The United Nations’ highest court has delivered a historic decision declaring that countries have legal obligations under international law to curb greenhouse gas emissions – or face potential legal consequences, including compensation for climate-vulnerable nations.
In a decision welcomed as a “planetary-scale win” by climate advocates and small island states, the International Court of Justice (ICJ) ruled that governments must take “urgent and effective action” to address climate change, stating that failure to do so may constitute “an internationally wrongful act”.

The Fijian Government said in a statement that the advisory opinion confirms what science and morality have long made clear: “no State is exempt from responsibility, and those most responsible for emissions must also be responsible for action”.

Fiji’s Environment and Climate Change Minister, Mosese Bulitavu, called the decision “a historic step forward”.
“The law now speaks as clearly as the science: climate inaction has consequences. This Opinion strengthens our hand and sharpens our voice as we seek fairness, justice, and survival for our people,” said Minister Bulitavu.
“Fiji calls on all nations to act boldly. No more excuses. No more delay. The planet is watching, and so are our children.”
While the ICJ’s opinion is not legally binding, it provides powerful legal clarity and is expected to shape national and international climate litigation for years to come.

In a powerful affirmation of international law, the Court clarified that all States are required to reduce emissions in accordance with climate treaties and customary law, and where harm is established, may be obligated to provide restitution or compensation.
The ruling has major implications for high-emitting nations such as Australia, which had argued during court proceedings — alongside fossil fuel giants Saudi Arabia, China, and the United States — that state obligations were limited to existing climate treaties such as the Paris Agreement. The ICJ rejected this narrow interpretation.
Instead, the court found that states must also uphold climate responsibilities arising from broader international legal frameworks, including human rights law and the law of the sea. The ruling also holds countries accountable for private actors within their borders — including the regulation of fossil fuel industries and subsidies.
Fiji’s government said the Court’s recognition that environmental degradation threatens fundamental human rights, such as life, health, food, water, and housing, reinforces the position long championed by vulnerable nations: that the climate crisis is also a justice and human rights issue.

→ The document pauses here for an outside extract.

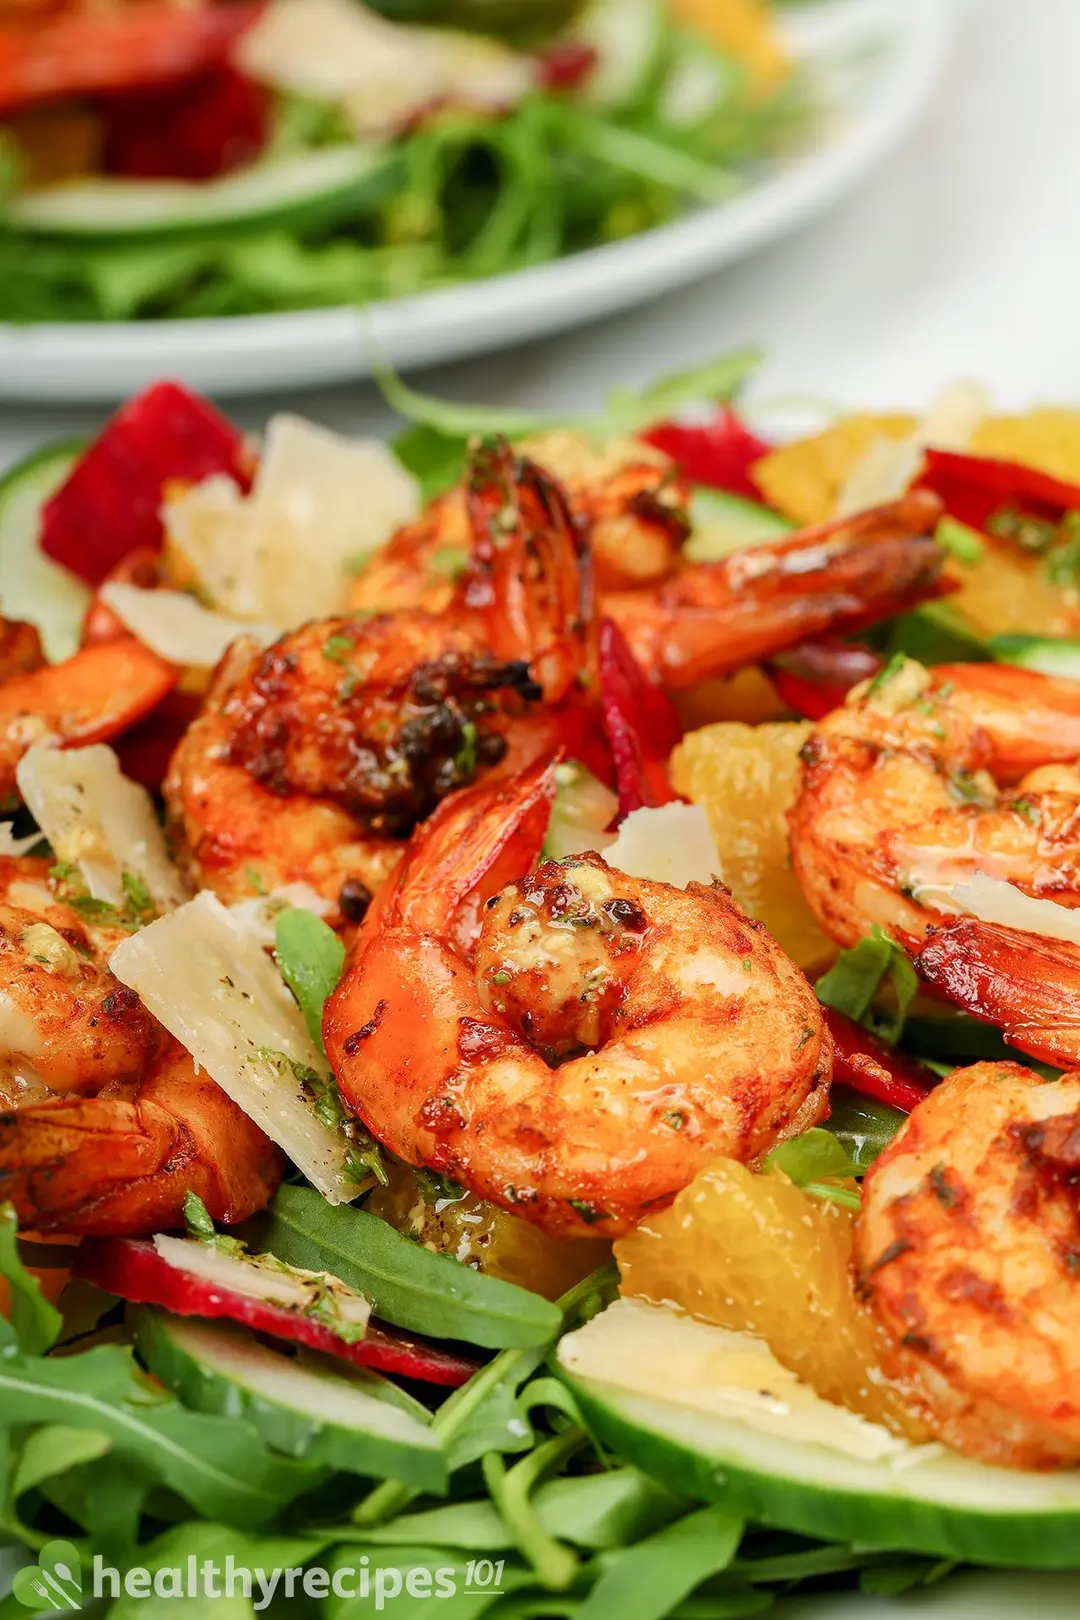 Is Grilled Shrimp Salad Healthy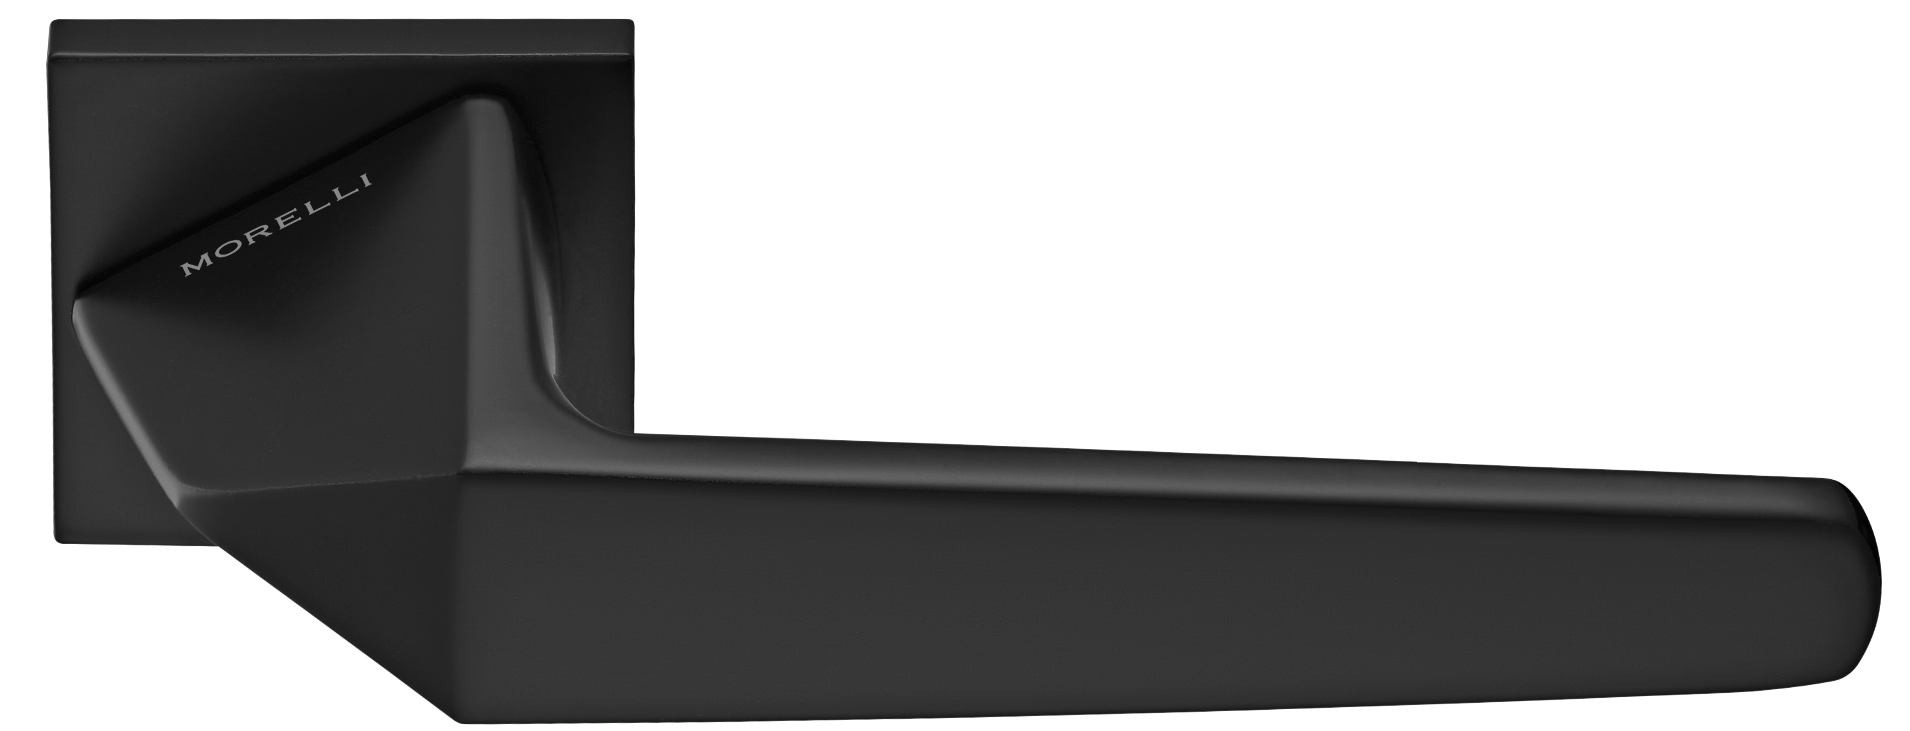 SOUK ручка дверная на квадратной розетке 6 мм, MH-55-S6 BL, цвет - черный фото купить Казань

The ruling stems from a campaign initiated in 2019 by law students at the University of the South Pacific (USP), who sought legal pathways to unlock climate justice. With support from the Vanuatu government, the case gained the backing of more than 100 nations and became the largest ever heard by the ICJ.
USP has praised the advisory opinion on climate change as a “powerful shift in international climate justice.”

In a Facebook post, the university highlighted the pivotal role played by its Pacific Island law students, stating:
“What began with Pacific Island law students from The University of the South Pacific has grown into a global movement demanding legal accountability for climate inaction.”

Celebrating the success of the #ClimateICJAO campaign, USP added:
“This milestone reaffirms what the Pacific has always known: that our voices, cultures and futures matter!” The university described the moment as a victory for the Pacific, calling it a shining example of “#PacificYouthLeadership.”

Prime Minister Sitiveni Rabuka expressed Fiji’s gratitude for the advisory opinion, and reaffirmed the country’s commitment to low-carbon development, renewable energy, coastal resilience, and relocating at-risk communities.
The Fijian government also called on all high-emitting countries to take immediate, transformative steps — including stronger emissions targets, enhanced climate finance, and operationalisation of the Loss and Damage Fund — and pledged to push for this at COP30 in Brazil.
Australia, which co-sponsored the UN resolution referring the case to the ICJ, has said it will “carefully consider the court’s opinion”.
An Australian government spokesperson acknowledged the ruling, stating:
“Climate change is one of the greatest existential threats to all humanity, and it’s having a significant effect on our region. We will now embed serious climate targets in law and make the changes necessary to achieve them.”
Legal experts say the opinion will have far-reaching influence in future court proceedings — including in Australia, where recent cases have tested whether the government has a legal duty of care to protect vulnerable communities such as Torres Strait Islanders.
As Minister Bulitavu declared:
“The ICJ’s Opinion is not just a legal milestone, it is a call to action that the world must now answer.”

The advisory opinion on climate obligations, while unanimous in its conclusions, was accompanied by a range of separate opinions and declarations that reflect the complexity and nuance of international climate law. Vice-President Judge Sebutinde issued a separate opinion, as did Judges Tomka, Yusuf, Xue, Bhandari, Charlesworth, and Aurescu, each offering individual perspectives on the scope and interpretation of state responsibilities. Judge Bhandari also joined Judge Cleveland in a bilingual joint declaration, while Judge Charlesworth co-authored a joint declaration with Judges Brant, Cleveland, and Aurescu. Additionally, individual declarations were made by Judges Nolte, Cleveland, and Tladi. These opinions and declarations provide deeper insight into the legal reasoning behind the ruling and highlight the diverse judicial perspectives on the climate crisis and state accountability.